Saturday, December 17, 2011
Benchmark data published
Thursday, December 15, 2011
Selected GH17 results for 10^6 structures
GH17 substructure search speed
OpenBabel with binary+SMILES storage and FP2 fingerprint
| Query | Hits | no Index | Hits | with Index |
|---|---|---|---|---|
| GH2 | 4840 | 108807 ms | 4840 | 21164 ms |
| GH7 | 260 | 105050 ms | 260 | 1934 ms |
| GH13 | 580 | 118978 ms | 580 | 52416 ms |
| GH16 | 26910 | 109886 ms | 26910 | 64742 ms |
Indigo with binary storage and ext+sub fingerprint
| Query | Hits | no Index | Hits | with Index |
|---|---|---|---|---|
| GH2 | 4840 | 213075 ms | 4840 | 27887 ms |
| GH7 | 410 | 178963 ms | 410 | 4451 ms |
| GH13 | 580 | 251938 ms | 580 | 39134 ms |
| GH16 | 27100 | 172534 ms | 27100 | 80523 ms |
Bingo 1.7beta2 with molfiles as text storage
| Query | Hits | no Index | Hits | with Index |
|---|---|---|---|---|
| GH2 | 4710 | 647889 ms | 4710 | 21733 ms |
| GH7 | 410 | 538784 ms | 410 | 6658 ms |
| GH13 | 580 | 675093 ms | 580 | 12418 ms |
| GH16 | 27100 | 528891 ms | 27100 | 28541 ms |
Index build times
| System | Index build time |
|---|---|
| pgchem with OpenBabel or Indigo | 352137 ms |
| Bingo | 3458681ms |
Again, Bingo without it's index is apparently killed by the overhead of parsing text into the internal molecule format.
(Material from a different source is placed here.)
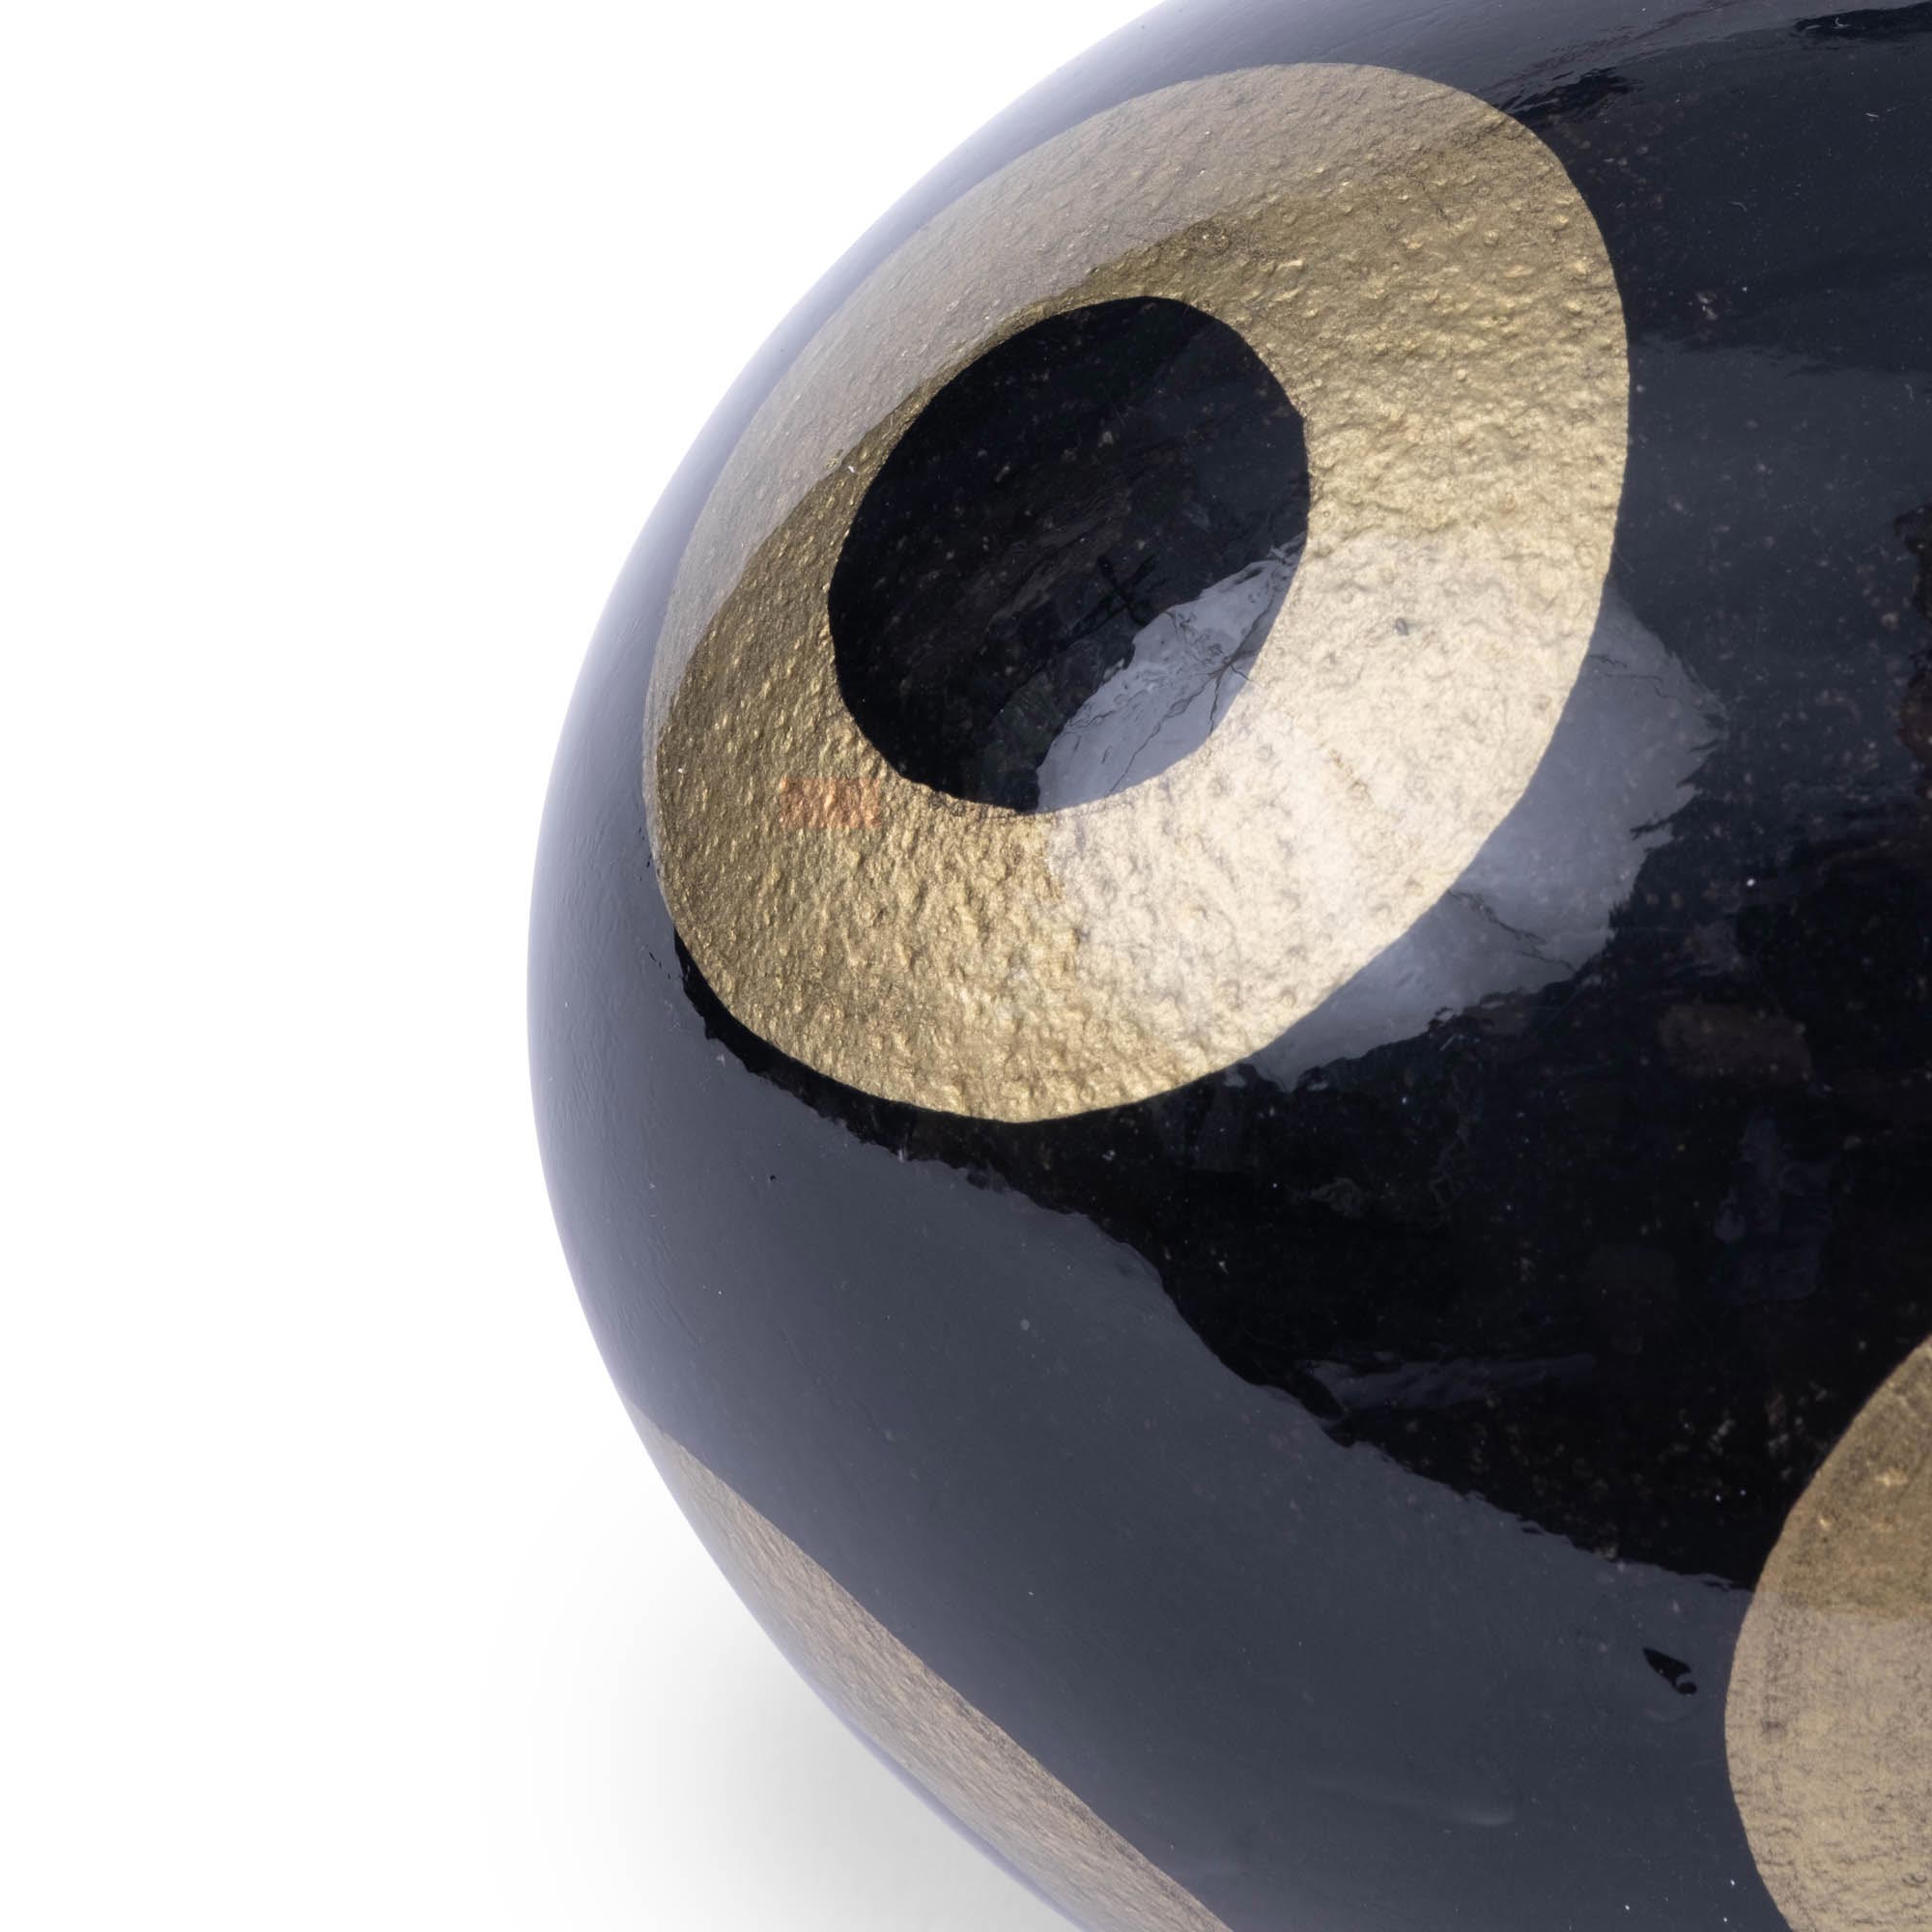 Painted Ostrich Egg - Black & Gold Circles
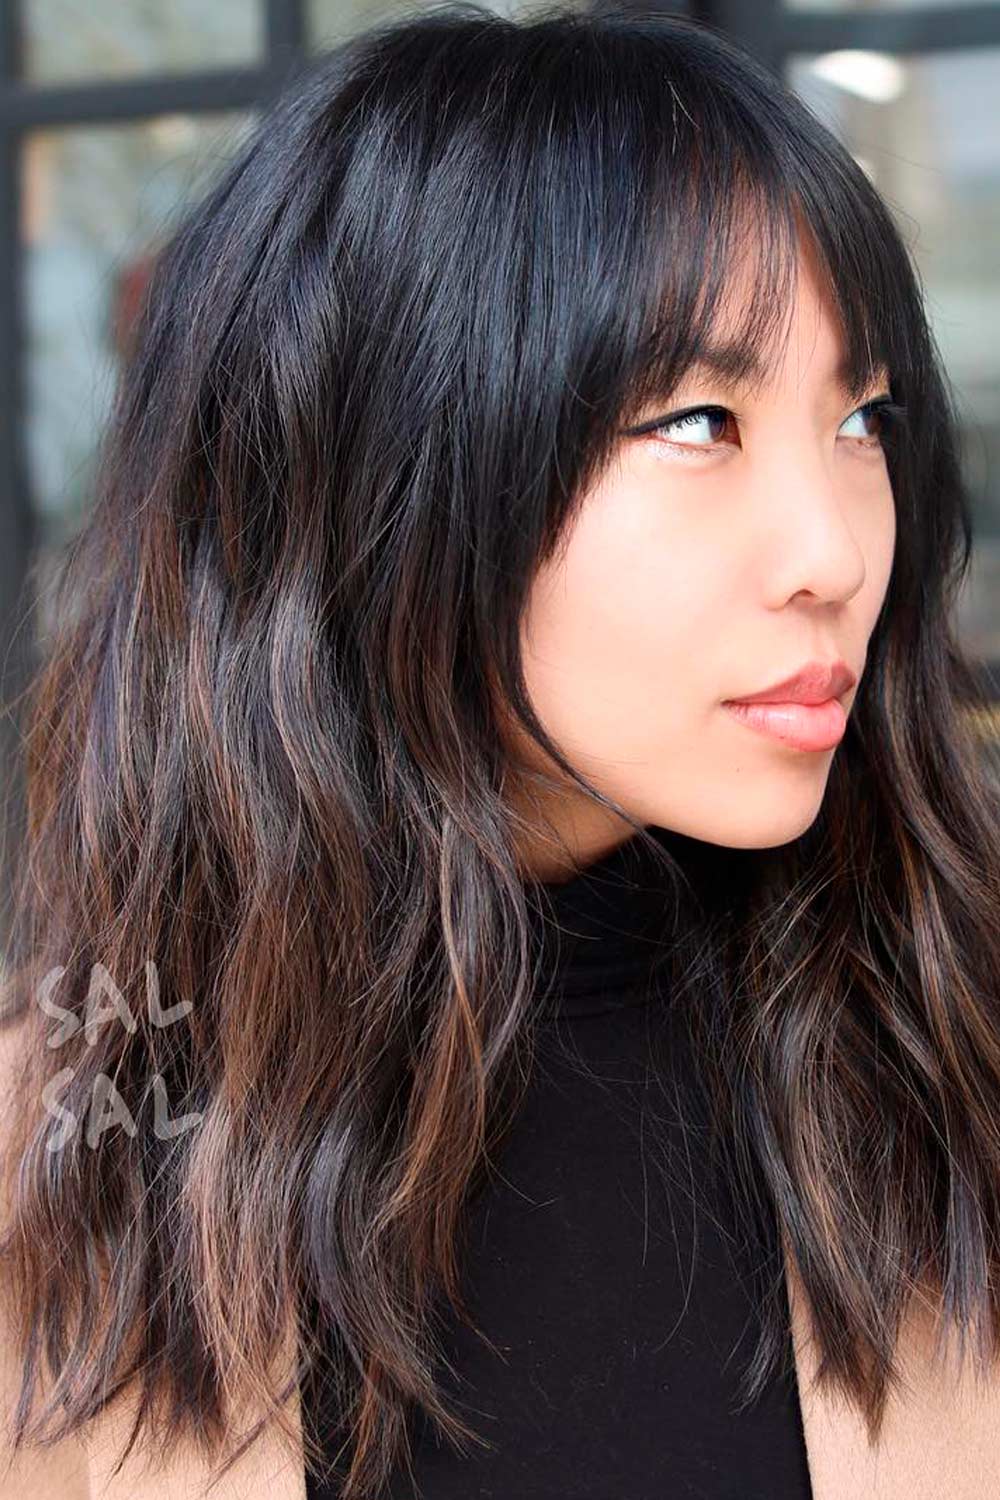 Korean Bangs Hairstyles You Could Totally Pull Off - Love Hairstyles

With index it's a mixed bag, while it shines at GH13 and GH16, pgchem is about equal or faster at GH2 and GH7.
Wednesday, December 14, 2011
GH17 results
Mikhail Rybalkin from GGA Software asked me to do this, so here it is...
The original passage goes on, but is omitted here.